*WHAT THE EXERCISE ASKS*:
Write out the data below in full, please. Keep every character as given.
--- RECORDED DATA Enclosed Below ---
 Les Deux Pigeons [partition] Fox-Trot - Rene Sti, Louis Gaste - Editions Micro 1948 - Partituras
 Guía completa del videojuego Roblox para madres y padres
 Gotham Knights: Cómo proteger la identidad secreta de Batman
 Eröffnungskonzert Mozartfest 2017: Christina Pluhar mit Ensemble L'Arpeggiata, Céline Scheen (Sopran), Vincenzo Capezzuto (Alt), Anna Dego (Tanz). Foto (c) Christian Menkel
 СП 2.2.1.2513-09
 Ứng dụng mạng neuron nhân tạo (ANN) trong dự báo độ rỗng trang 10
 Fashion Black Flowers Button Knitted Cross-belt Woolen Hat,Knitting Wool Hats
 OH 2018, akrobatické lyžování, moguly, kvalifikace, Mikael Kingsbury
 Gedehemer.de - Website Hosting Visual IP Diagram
--- End of Enclosed RECORDED DATA ---
*RESULT*:
 Les Deux Pigeons [partition] Fox-Trot - Rene Sti, Louis Gaste - Editions Micro 1948 - Partituras
 Guía completa del videojuego Roblox para madres y padres
 Gotham Knights: Cómo proteger la identidad secreta de Batman
 Eröffnungskonzert Mozartfest 2017: Christina Pluhar mit Ensemble L'Arpeggiata, Céline Scheen (Sopran), Vincenzo Capezzuto (Alt), Anna Dego (Tanz). Foto (c) Christian Menkel
 СП 2.2.1.2513-09
 Ứng dụng mạng neuron nhân tạo (ANN) trong dự báo độ rỗng trang 10
 Fashion Black Flowers Button Knitted Cross-belt Woolen Hat,Knitting Wool Hats
 OH 2018, akrobatické lyžování, moguly, kvalifikace, Mikael Kingsbury
 Gedehemer.de - Website Hosting Visual IP Diagram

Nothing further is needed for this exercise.